Last year, after badgering members of the Catholic Worker community across the 
country, I tracked down America’s most famous living priest. When I arrived at 
Berrigan’s Lower West Side friary in Manhattan, I half expected to find a 
Bible-toting warrior, but on that clement morning, I walked into the friary’s 
cozy hallway to find a slightly hunched elderly man with a meek smile and skin 
crinkled like aluminum foil. Greeting me with the softest, gentlest “hello” 
that I’ve heard since my first day at Montessori school, Father Berrigan 
clasped my hand and led me into his tastefully decorated office. The walls of 
his office showcased posters of freedom fighters such as Mahatma Gandhi, a 
child’s drawing of a circus clown, and framed quilts of butterflies. Among his 
impressive collection of books are volumes by his longtime heroes: Dorothy Day, 
Martin Luther King Jr., and Thomas Merton. Just shy of his ninetieth birthday, 
Berrigan spoke with me for an hour and a half, patiently answering my many 
questions and stopping only twice or so to cough.
  Berrigan told me of surviving a Depression-era boyhood, an abusive father, 
and countless wars to emerge with a startlingly simple message: stop the 
violence. If Berrigan had lived during slavery, he would have fought with the 
abolitionists, but he would not have joined John Brown in leading violent slave 
insurrections. Even at the height of his Vietnam antiwar activism--or, as his 
detractors would say, the height of his arrogance--Berrigan never condoned 
violence. A tape-recorded message to the Weatherman Underground, attributed to 
Berrigan in 1971, pleads with the militant group to return to nonviolence, 
warning,: “No principle is worth the sacrifice of a single human being.”

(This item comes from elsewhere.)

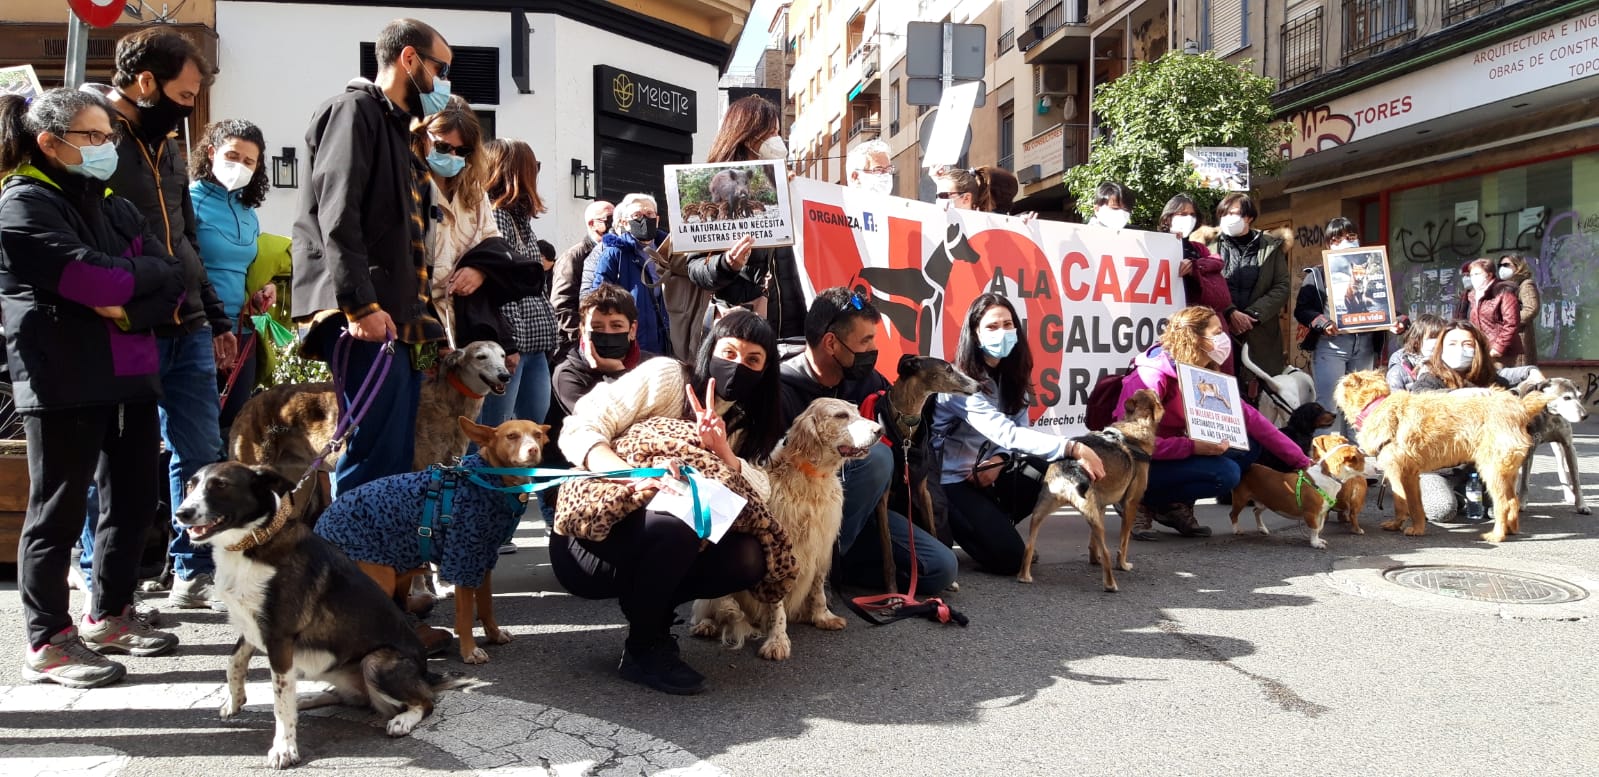 Demonstration Cuenca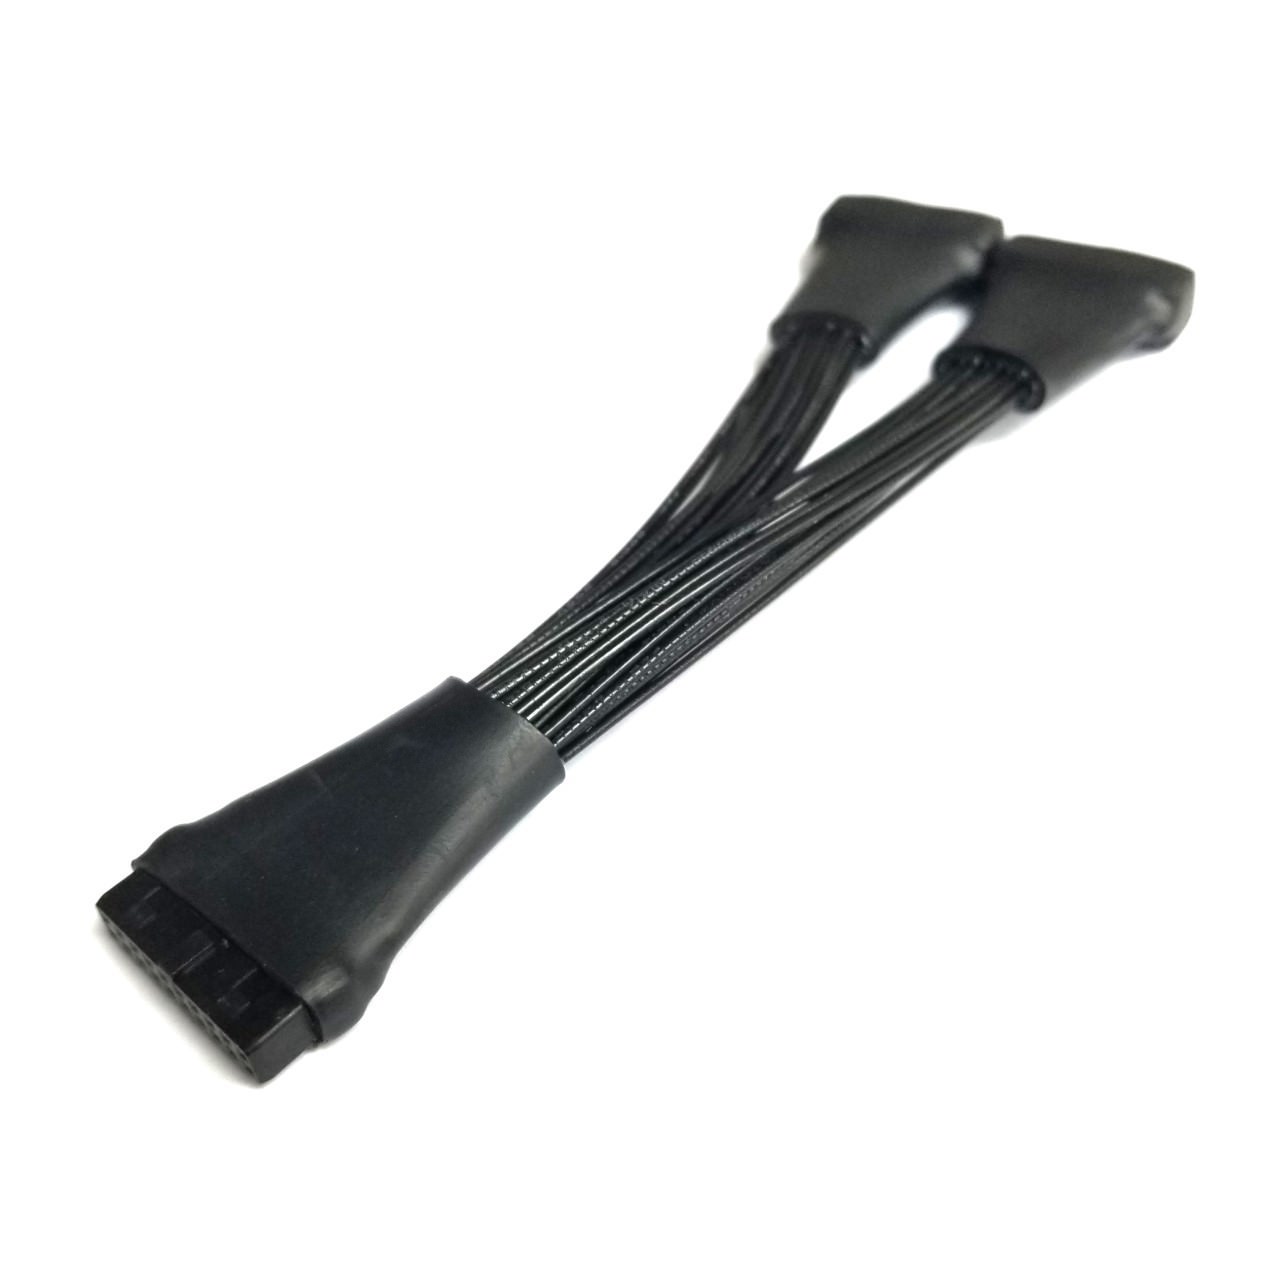 20 Pin USB 3.0 Internal Header Y Splitter Cable - modDIY.com

  In a world still wracked by violence, Berrigan’s peace testimony remains 
largely unheard and his pacifist views are too often dismissed as naïve.  As we 
celebrate his lifelong commitment to social justice activism on his birthday, 
may we remember his startlingly clear message that violence is not the answer 
even when it’s seems most tempting and most justified.  As Berrigan and so many 
others have noted, our convictions matter most when they’re tested on the 
crucible of life -- not when they are easy, safe, and fashionable. If we 
believe in a world in which international law triumphs over unilateral action; 
mercy triumphs over vengeance; and clemency over sacrifice then Berrigan’s 
lifelong testimony teaches us that there are no exceptions.